# Pig Hunt



## stinky reinke (Dec 13, 2007)

I am planning on doing a Boar Hunt for my Bachelor party this coming spring. Does anyone know of a ranch near the thumb where my buddies and I can have a good time at a reasonable price. I haven't done much research on ranches yet, thought I would check here to get some ideas.


----------



## Ferris_StateHunter (Apr 24, 2006)

There is one in cheasening that has 800 acres I heard does a good job. Like 400-450 for a two day hunt with overnight stay and food. Not bad of price compared to some of the one day hunts out there...


----------



## midan (Oct 6, 2005)

been to mid-thumb game ranch midthumbgameranch.net
had a good time prices are $350 for 4 or more dan


----------



## walleyeman2073 (Jan 3, 2008)

the bad river ranch is good i can give you the number


----------



## stinky reinke (Dec 13, 2007)

Thanks a lot guys, if you have any numbers or other info for me that would be great. Now I have a place to start the search. I'll let you know what I come up with.


----------



## skyhawk1 (Jun 20, 2006)

don't forget trophy ranch in UBLY!!!!


----------



## walleyeman2073 (Jan 3, 2008)

the bad river ranch 1989 627 0582 his name is eric tell him marc sent you


----------



## ant1901 (May 12, 2007)

IS there a webiste for the bad river ranch?


----------



## outdoor junkie (Sep 16, 2003)

That's a great idea, wish I would have thought of that for mine. Oh yeah none of my friends hunt. God I need new friends.:lol:


----------



## skyhawk1 (Jun 20, 2006)

thinkin about another hog hunt soon, junkie im me and we'll get together. I only bowhunt them. I go to trophy for around $500


----------



## WACKMASTER_2003 (Jan 13, 2003)

i went to a place called michigan trophy hunts great outfitter. 450 two night 3 day includes everything except drinks. his name is scott and he is a great guy web site is michigantrophyhunts.com


----------



## ratherbhuntin300mag (Jan 11, 2008)

Heritage Trophy hunts his name is harvey Haney cost about 450.00 and Michigan Trophy hunts his name is Scott Turner they both seem to be good people i have been talking to them cuz i am trying to find some people that went to go but have not been able to yet


----------



## Ferris_StateHunter (Apr 24, 2006)

WACKMASTER_2003 said:


> i went to a place called michigan trophy hunts great outfitter. 450 two night 3 day includes everything except drinks. his name is scott and he is a great guy web site is michigantrophyhunts.com


I believe thats the place I was refering to by cheasaning...

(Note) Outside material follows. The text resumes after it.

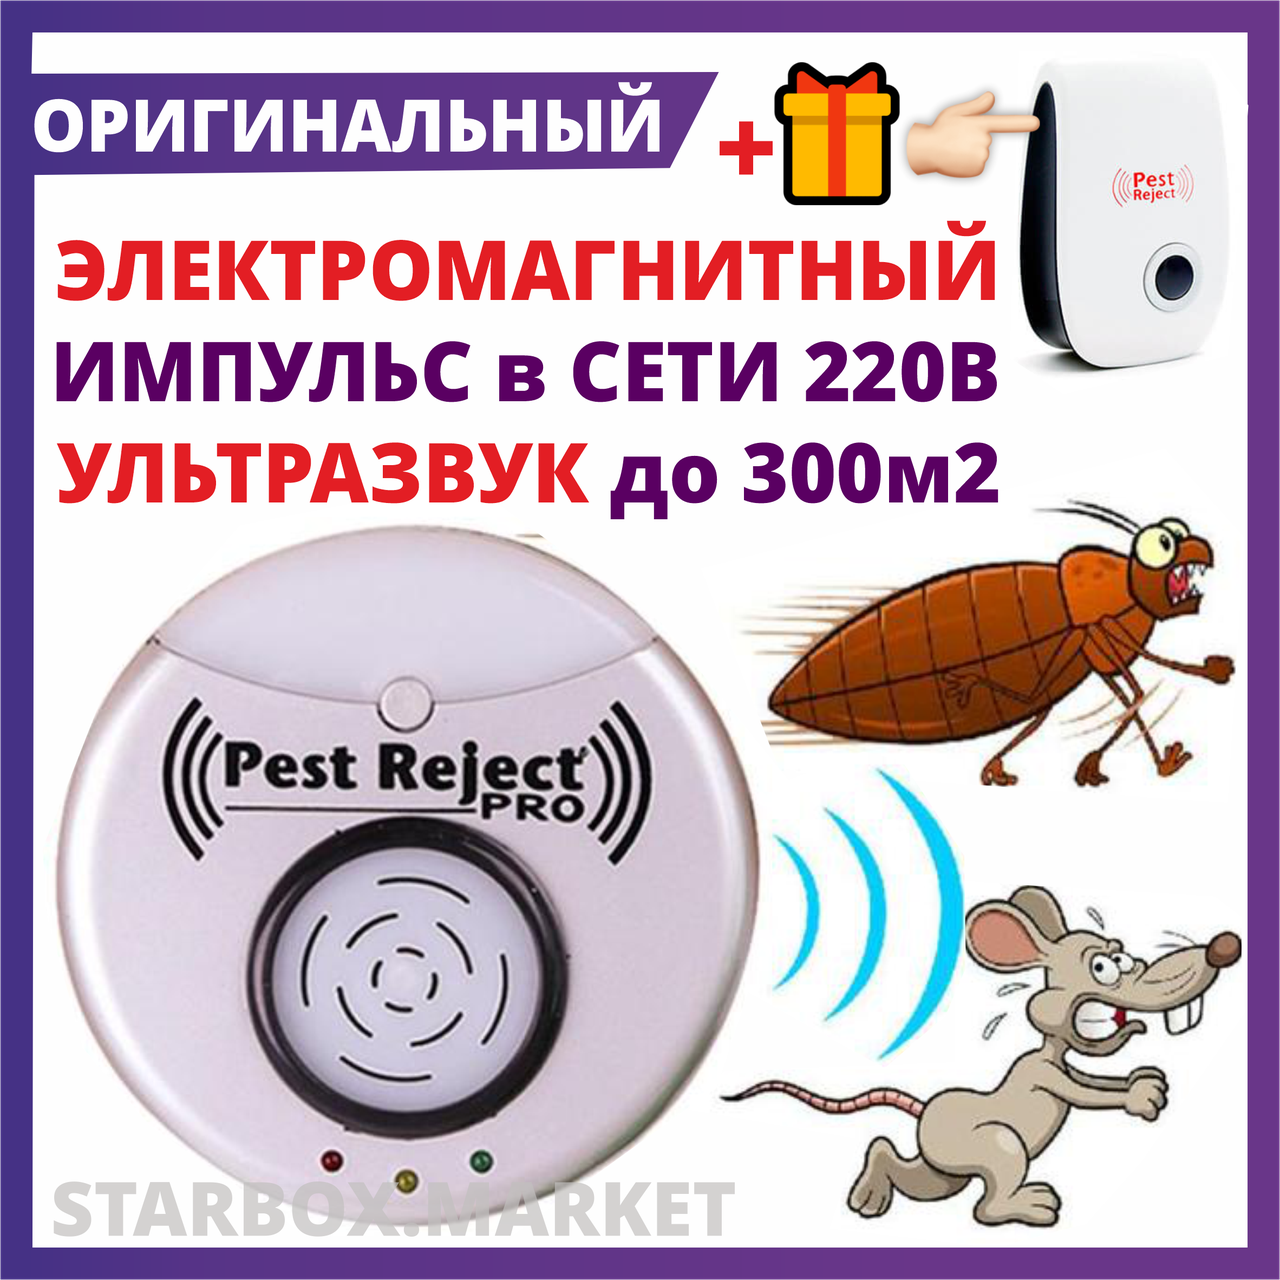 Отпугиватель грызунов, насекомых PRO Ультразвуковой + Электромагнитный  от тараканов мышей крыс Pest Reject
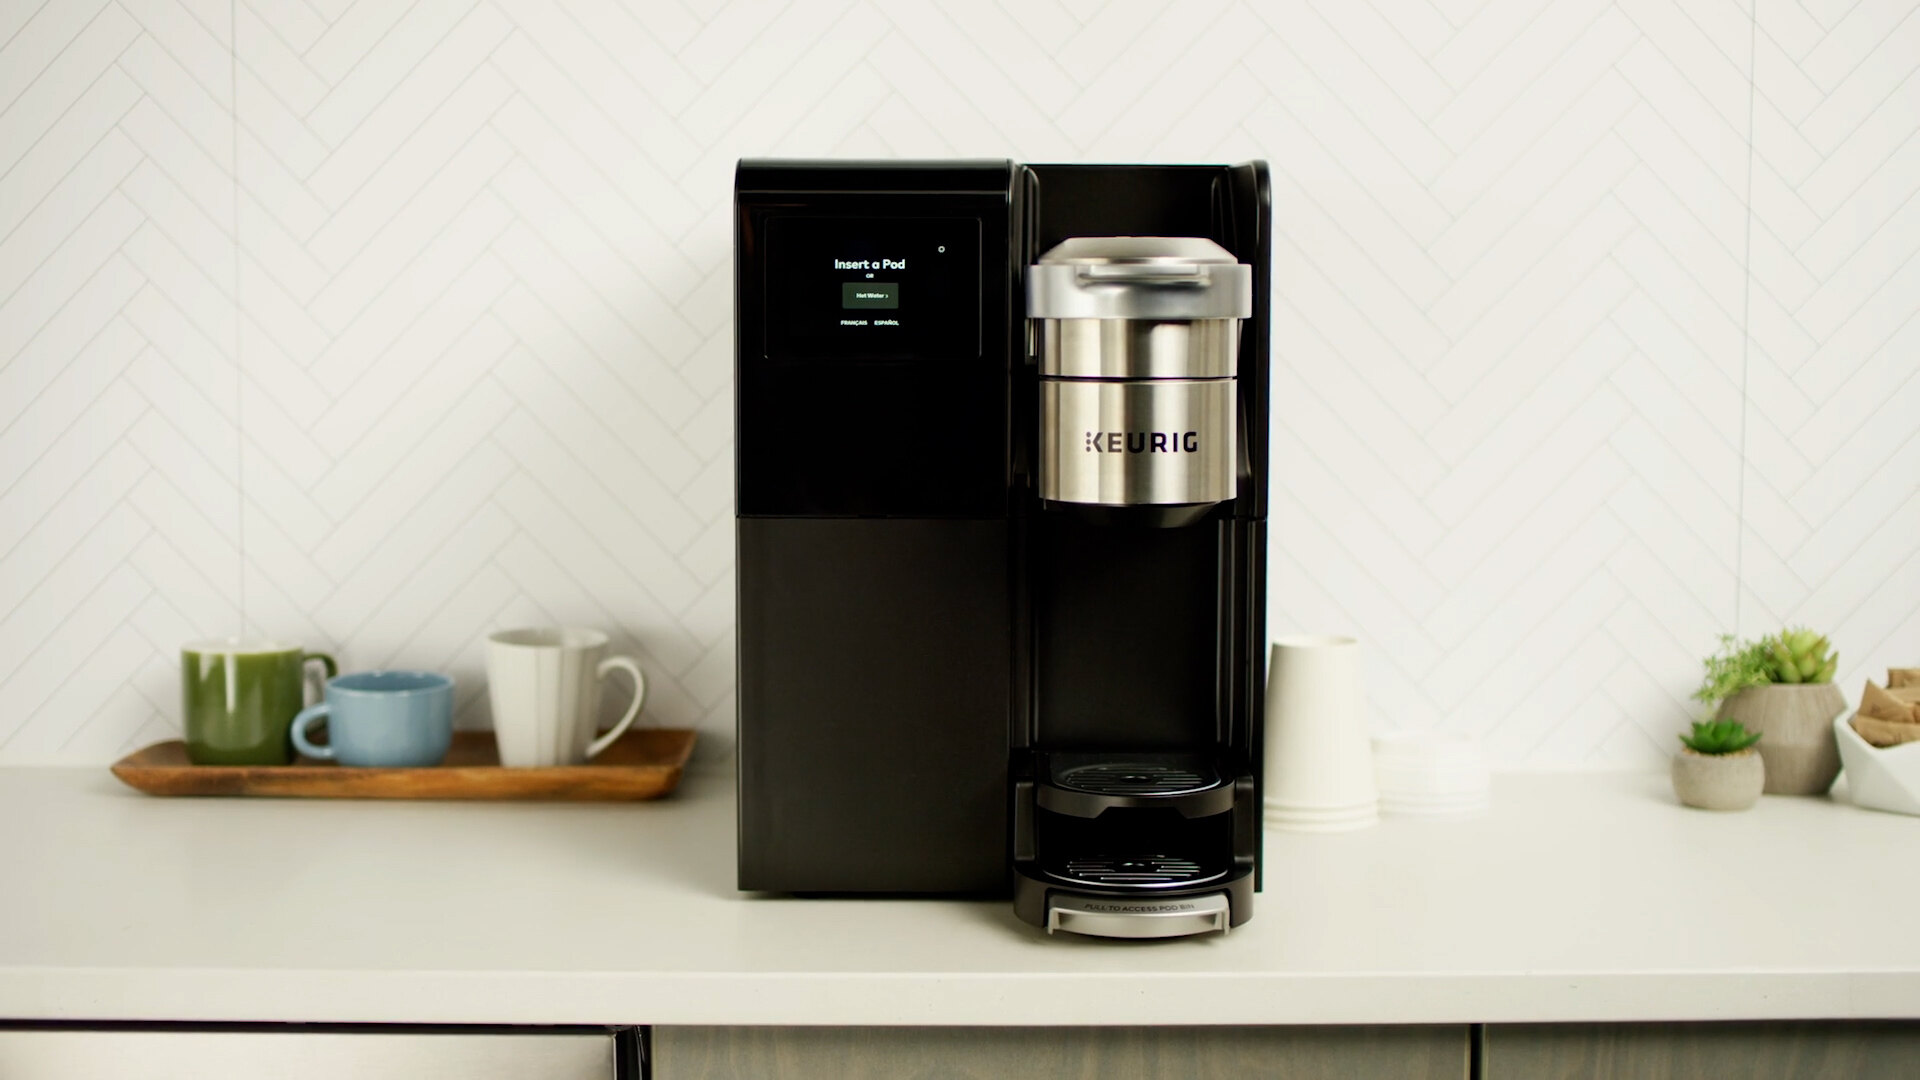 Keurig K-1500 Commercial Single Serve Pod Coffee Maker - 120V

This is the place I will be going to sometime with in the next few months on my first pig hunt


----------



## stinky reinke (Dec 13, 2007)

Sounds good, I'll check into these places within the next couple of weeks, Ferris, let me know how your hunt goes, or if you need a camera man, I'd like to tag along. Let me know


----------



## GRJohnnyRingo (Jan 11, 2008)

Stinky

Dont know if you have checked this source yet, but if not, try picking up a copy of Woods-n-Water News. There are very many hunting ranches that advertise in this magazine, and they usually list their web sites and all have a PH# Listed. I found it to be a great resource for locating hunting ranches in Michigan. You can usually find it in party stores, meijer gas stations carry them, as well as Gander Mt. I have been to County line Ranch in Beaverton, and that was ok. I am planning another trip for Feb of this year, but havent picked the place just yet, I am still doing some research as to which one.


----------



## Neal (Mar 20, 2001)

ratherbhuntin300mag said:


> Heritage Trophy hunts his name is harvey Haney cost about 450.00 and Michigan Trophy hunts his name is Scott Turner they both seem to be good people i have been talking to them cuz i am trying to find some people that went to go but have not been able to yet


Heritage is located in Lupton, South of Rose City.


----------



## mich buckmaster (Nov 20, 2001)

You know I think I will start a new thread and maybe we could have a MS.COM PIG HUNT!! I think if we were to get enough people we could get a GREAT PRICE!!

I will do some research!!


----------



## Ferris_StateHunter (Apr 24, 2006)

stinky reinke said:


> Sounds good, I'll check into these places within the next couple of weeks, Ferris, let me know how your hunt goes, or if you need a camera man, I'd like to tag along. Let me know


 
Ill for sure let you know how we do. Its funny you bring up the camera man thing, As far as I know there is 4-5 of us going and we are trying to figure out how to pair everyone up for it. We are going to be doing a stalk type hunt, and I will be using a crossbow with the i think the others using a bow and one using a revolver. So it should be interesting, but should I get some good vid I will definately post it up


----------



## stinky reinke (Dec 13, 2007)

One of my buddies was just telling me that he knows a fella near Deford and he thought his name was pig man, that sells hunts for like 250. He was going to find out the guys number and give him a call, I'll keep everyone posted.


----------



## Big Reds (Oct 14, 2007)

I took a nice russian boar at trophy ranch in ubly years back. Took it with a bow and had it mounted. Down the road from trophy ranch is another place that his brother owns. I believe it was called the rooster ranch. Great pheasant hunting along with stocked trout ponds. Good times.........


----------